Start of Collected data

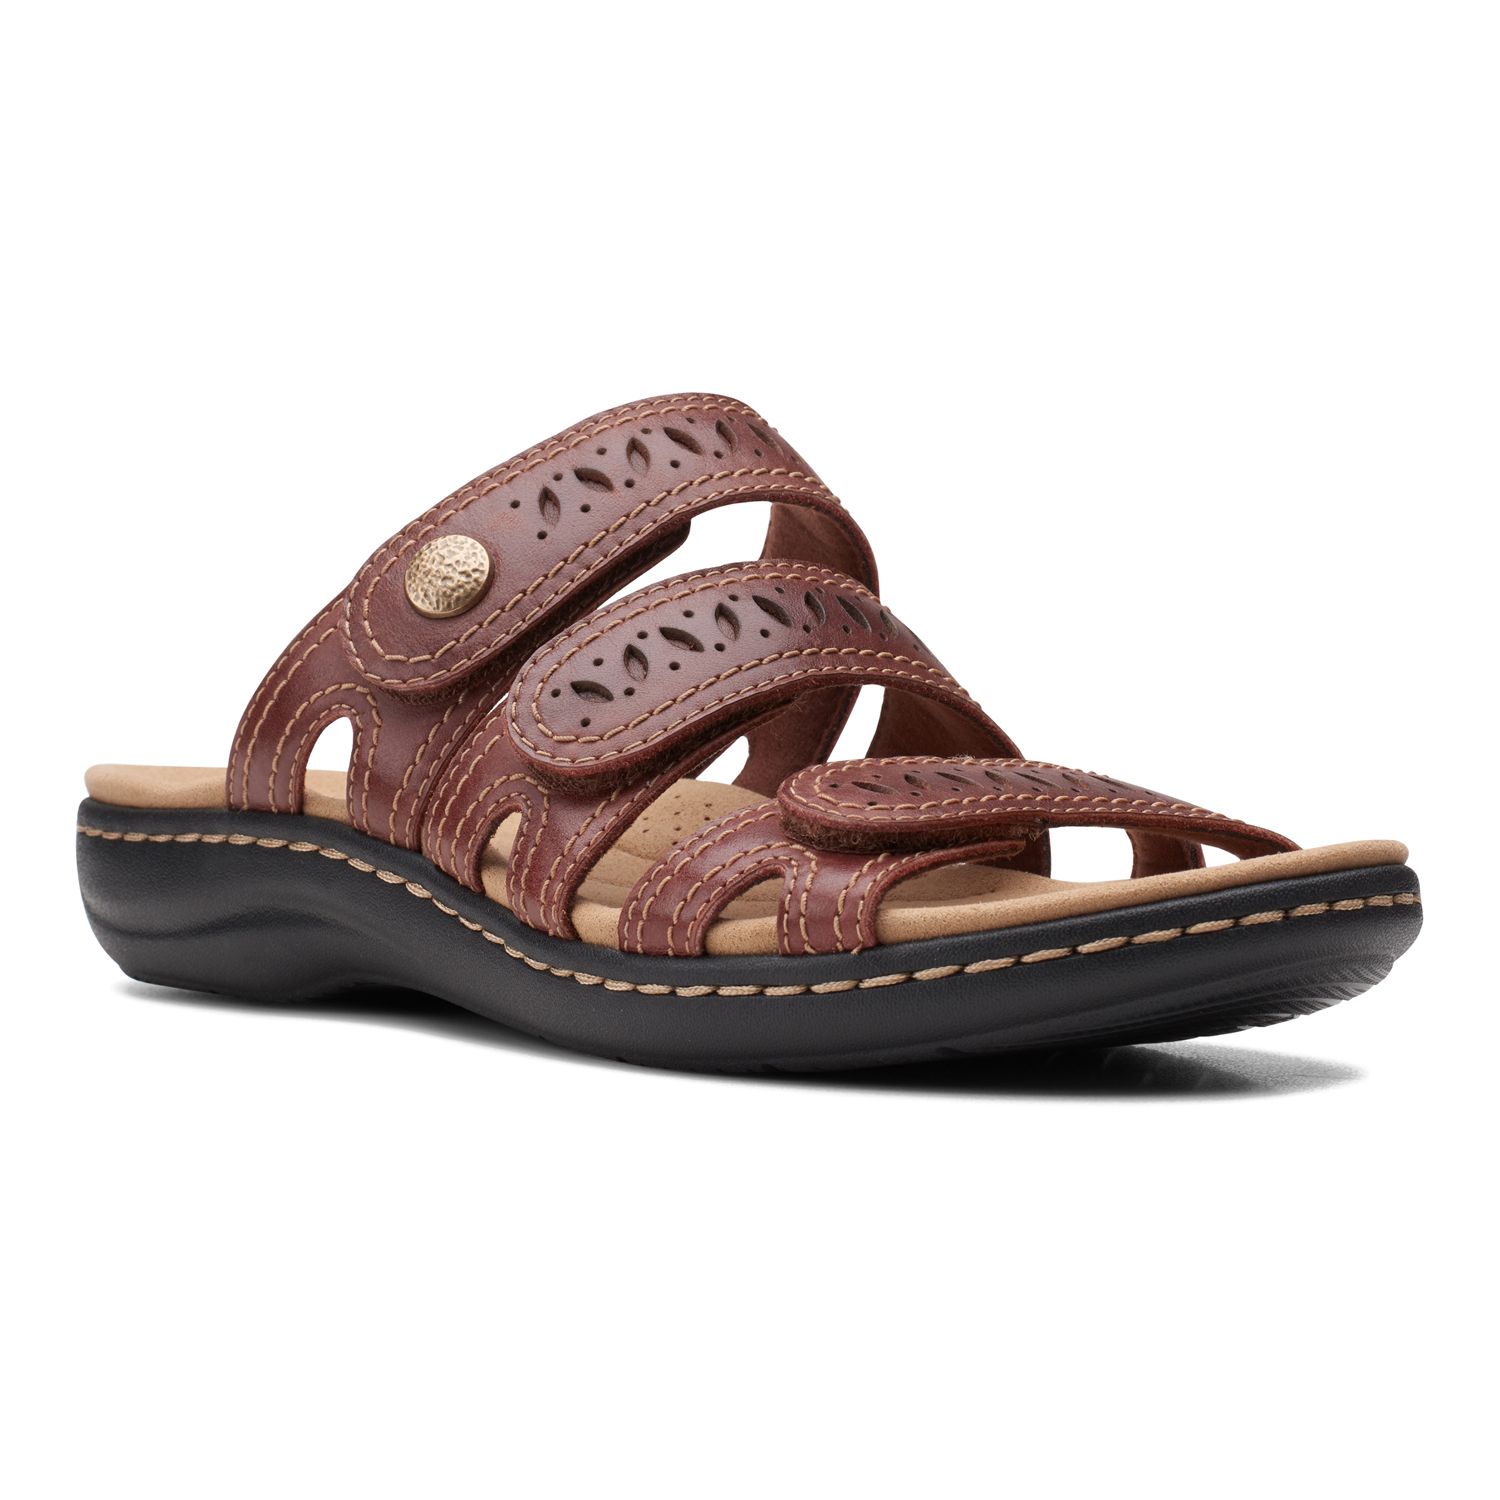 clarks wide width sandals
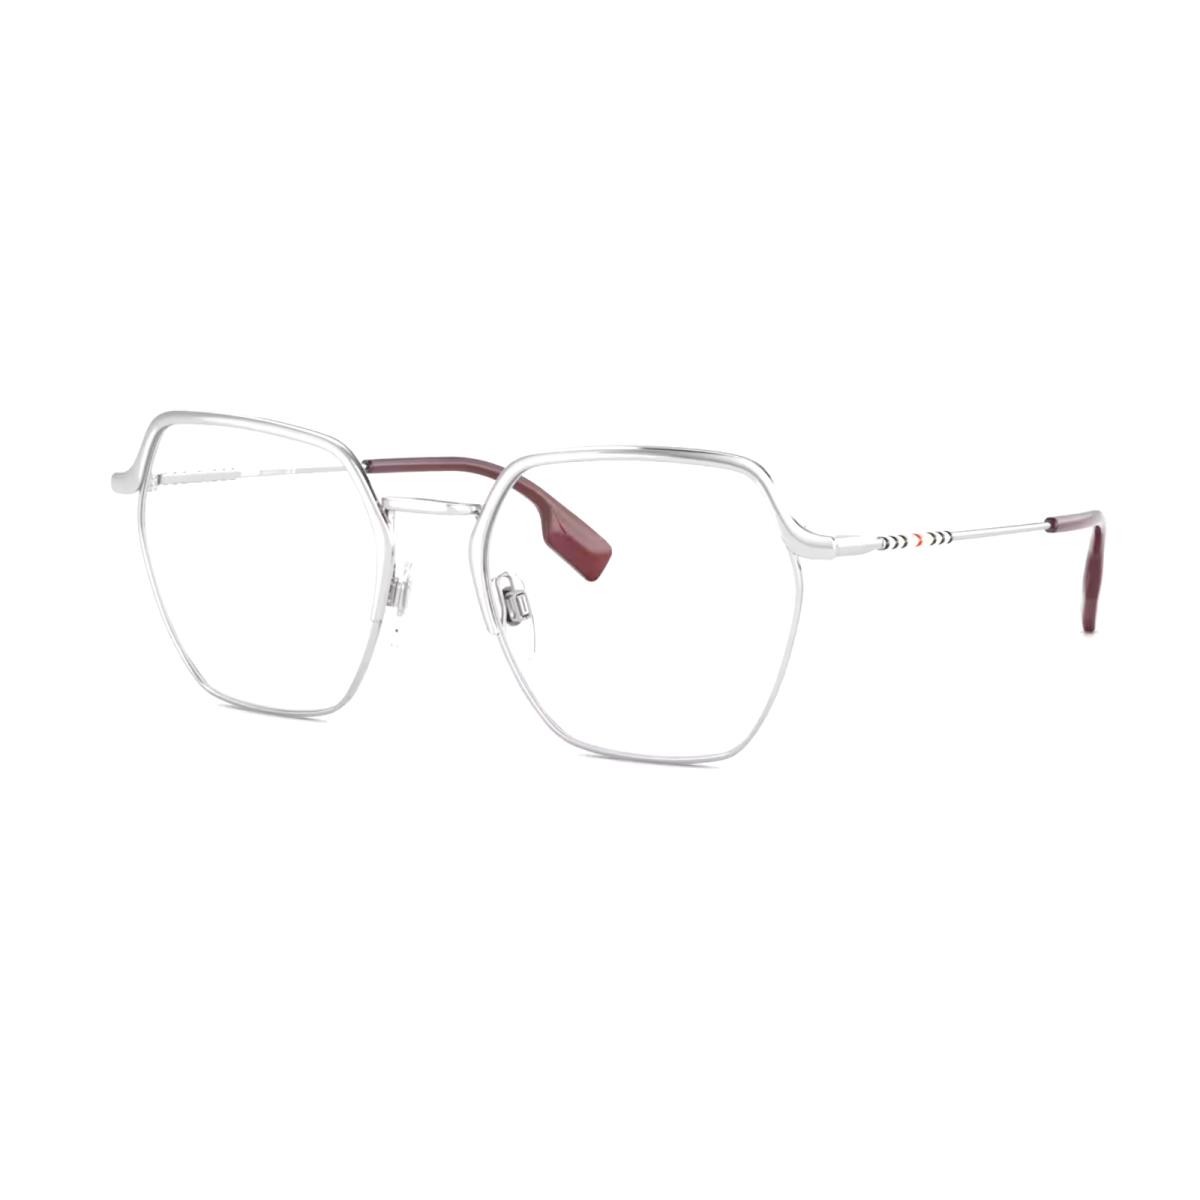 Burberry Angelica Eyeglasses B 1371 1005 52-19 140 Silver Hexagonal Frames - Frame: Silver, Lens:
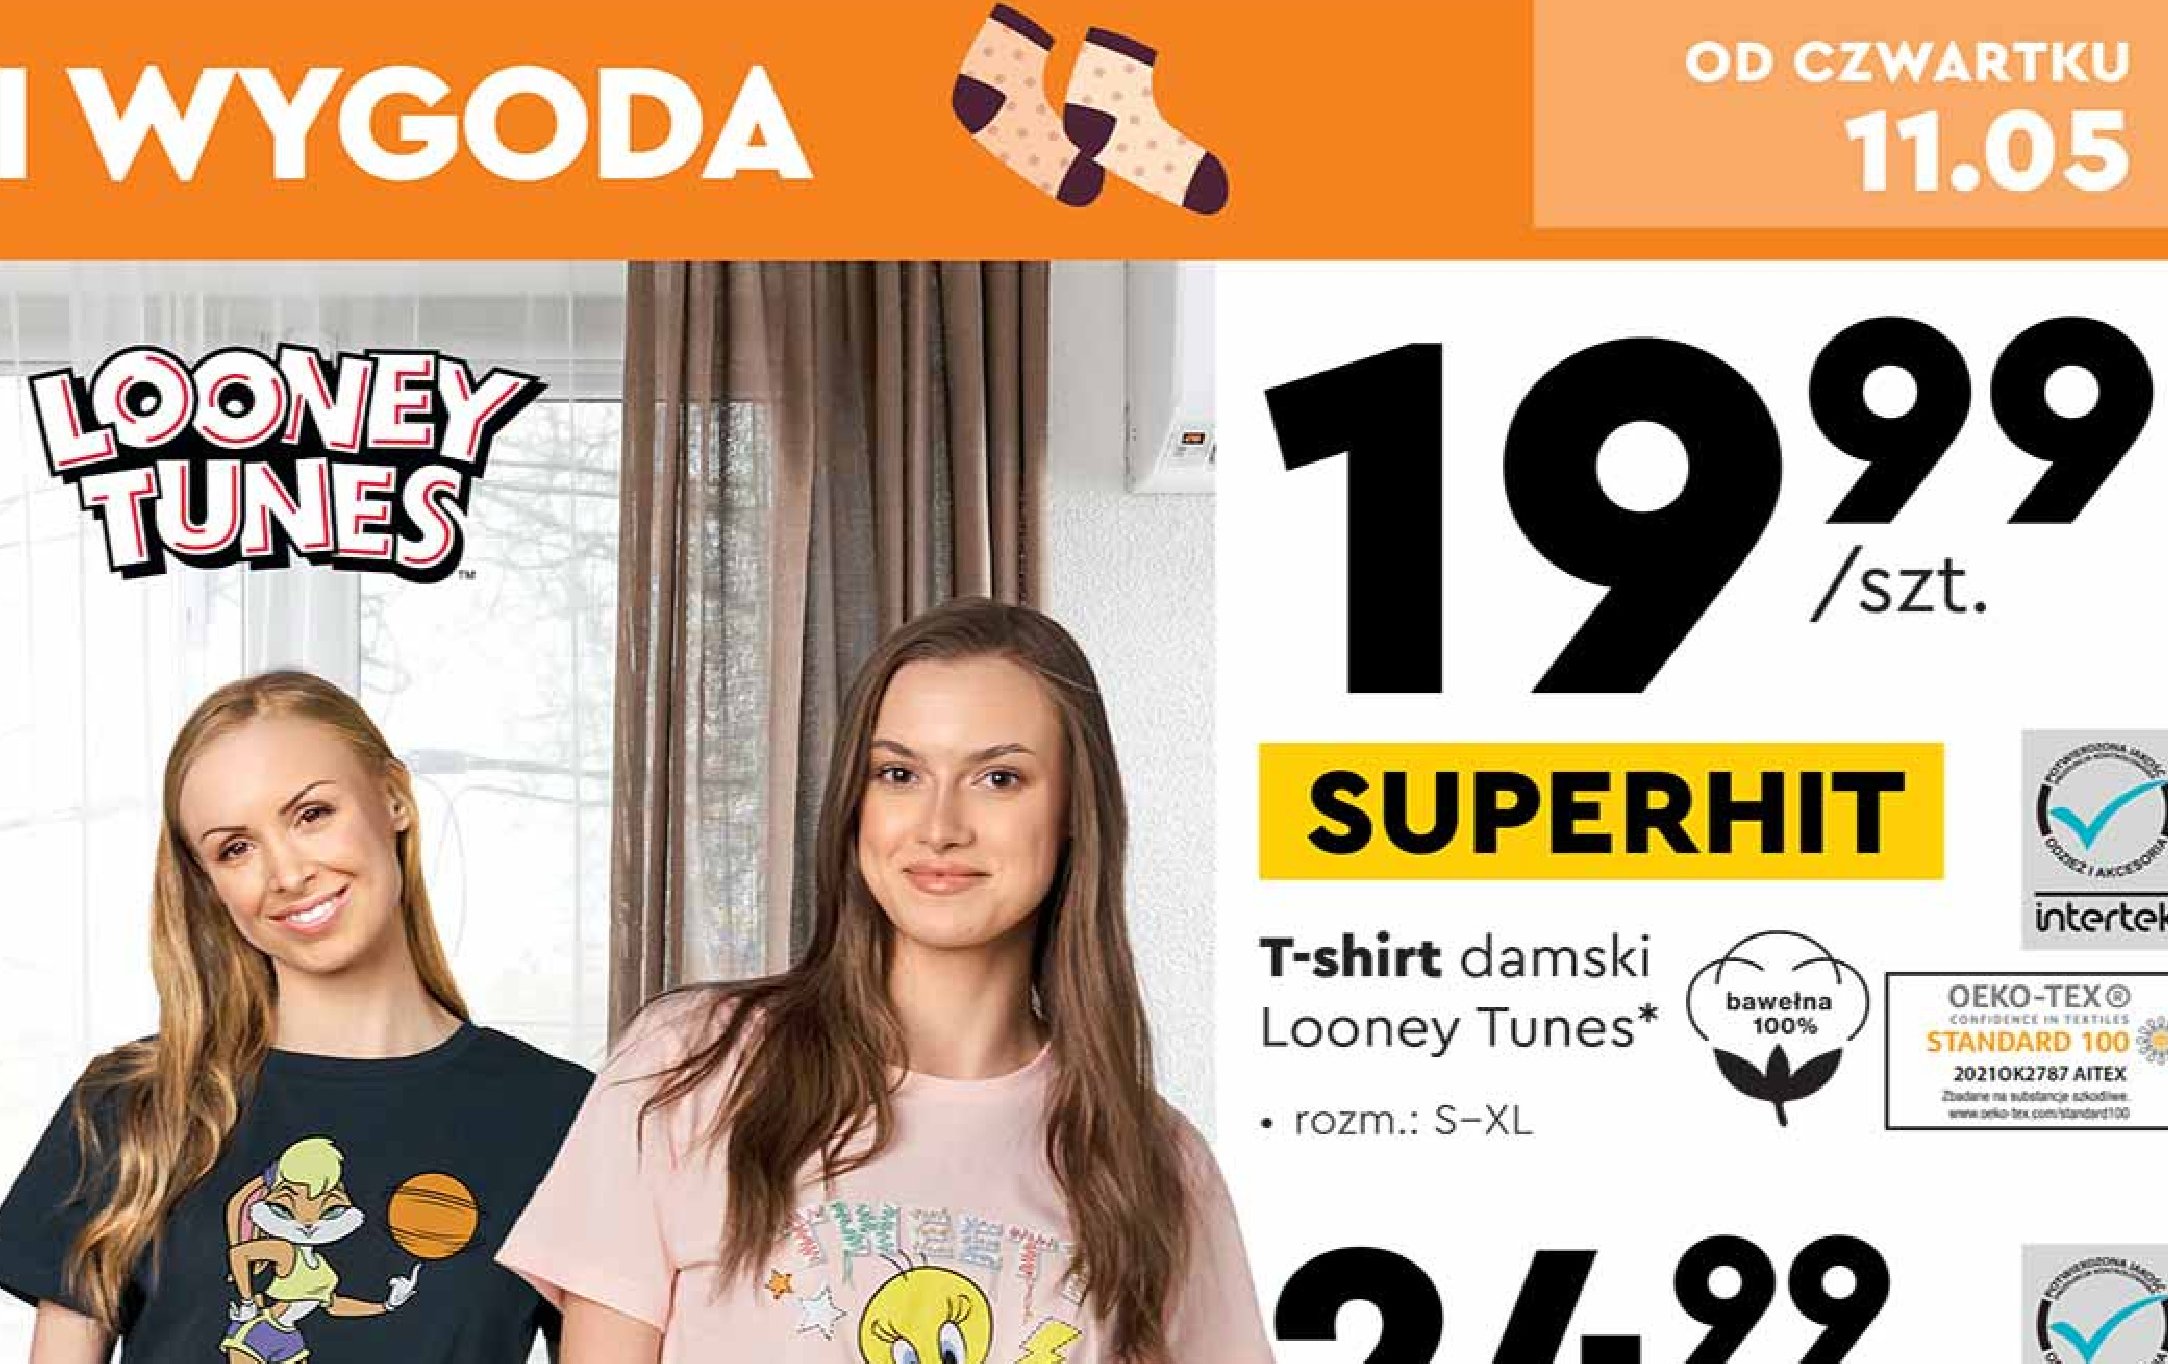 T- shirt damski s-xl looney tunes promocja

End of Collected data

- **Work required**
Restrict the output to the lines from the one with "Burberry Angelica Eyeglasses" through the last line of the material above. Print them exactly, leaving out every picture.

- **Answer box**
 Burberry Angelica Eyeglasses B 1371 1005 52-19 140 Silver Hexagonal Frames - Frame: Silver, Lens:
 T- shirt damski s-xl looney tunes promocja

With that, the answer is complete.